You cannot make collections from farmers at this time. You cannot collect contributions from domestic servants. You cannot collect contributions from push-cart peddlers and small-store proprietors. It will cost you twice as much to collect as the amount of money that you will collect.

So, for God's sake, start mildly, start modestly. Let me tell you that no other country on earth--not only the big countries like ours, but other countries that are not spread out as ours are--no other country dared to try to include the agricultural workers and the domestic servants at first. And if that is so, why should you, with such an immense country like ours, with such a problem of administration to tackle, why should we undertake all these things and then fail in the administration of them so that it will all come back to us to plague us for the next generation.

I do not want to see that done. Include those employers from whom you can collect. You can collect from an employer of three or more people. That will not cost so much. But you cannot collect from farmers. You cannot collect from domestic servants. You cannot possibly do it.

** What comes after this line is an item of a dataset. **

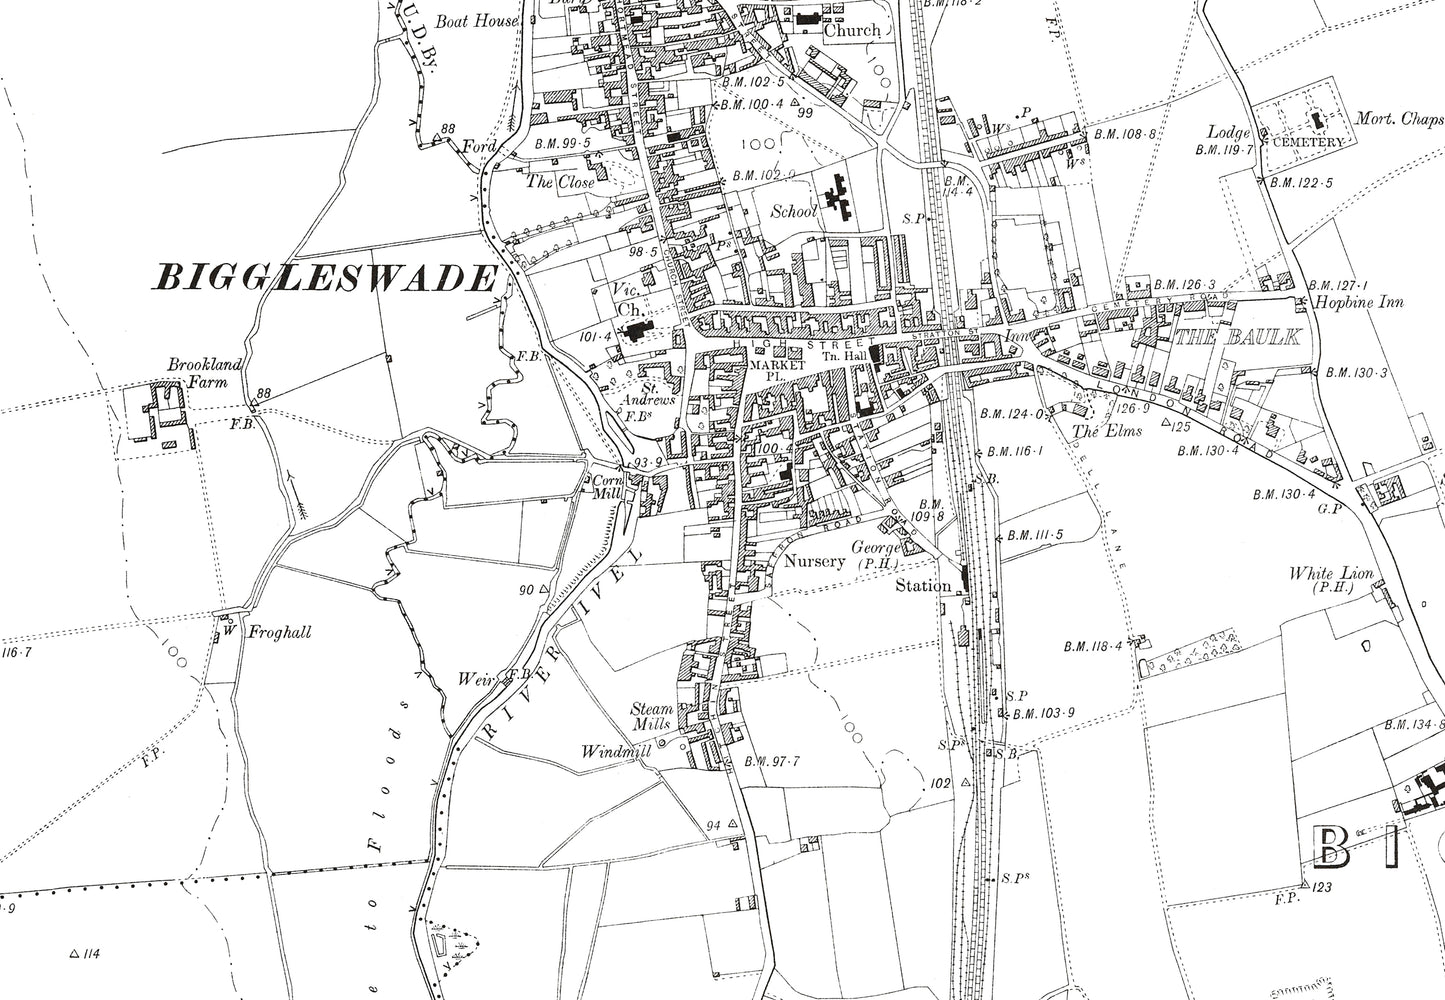 A 1902 map showing Biggleswade and Upper Caldecote in Bedfordshire - A Digital Download 0f OS 1:10560 scale map, Beds 18SW

. . . Why give us all of this extra trouble by including the farmers in addition? After this has been tried, after it has been experimented with, and the farmers see what great benefit it is to everybody, the farmers then may want to come in. We will see. When they do, we will say 'Amen,' and we will welcome them with open arms and say, 'Yes; please come in. We will be happy to have you.'

But do not let us undertake too much now. Do not let us undertake a fight that will defeat us. Do not try to take a bite that will choke us in trying to swallow it. We just cannot do it."

(Pages 571 and 572)

Mr. Buck:

"The gentleman has indicated his dissent from inclusion of farmers and domestic servants under the terms of the old-age pension. Does your dissent also go to the unemployment insurance as far as farmers and domestic servants are concerned?"

Mr. Epstein:

"Certainly; not because I do not believe they should not be in, but I know that pragmatically, for the present, we are not ready to take in that group of people. We just cannot administer it."

Mr. Buck:

"Is that because of the difficulty of collection, largely?"

Mr. Epstein:

"The difficulty of collection, largely, and the general opposition that you, create of new elements that do not want to belong."

Mr. Buck:

"Is there also an element of difficulty there, due to the fact that there are largely transient, itinerant laborers involved?"

Mr. Epstein:

"That may be so. In your State, especially, I think that would be a problem; I mean with agricultural workers. We are just simply not equipped in this country on a national scale to enforce contributions on those groups. I do not think we are capable."

Mr. Vinson:

"Would you include casual employees in those excluded; the farmers and domestics?"

Mr. Epstein:

"I would have casual workers; very much.

Mr. Vinson:

"For the same reason that you have given?"

Mr. Epstein:

"Yes; that is right ...."

(Pages 901 and 902)

Secretary Morgenthau (Secretary of Treasury):

"The national contributory old-age annuity system, as now proposed, includes every employee in the United States, other than those of governmental agencies or railways, who earns less than $251 a month. This means that every transient or casual laborer is included, that every domestic servant is covered, and the large and shifting class of agricultural workers is covered. Now, even without the inclusion of these three classes of workers, the task of the Treasury in administering the contributory tax collections would be extremely formidable. If these three classes of workers are to be included, however, the task may well prove insuperable -certainly, at the outset.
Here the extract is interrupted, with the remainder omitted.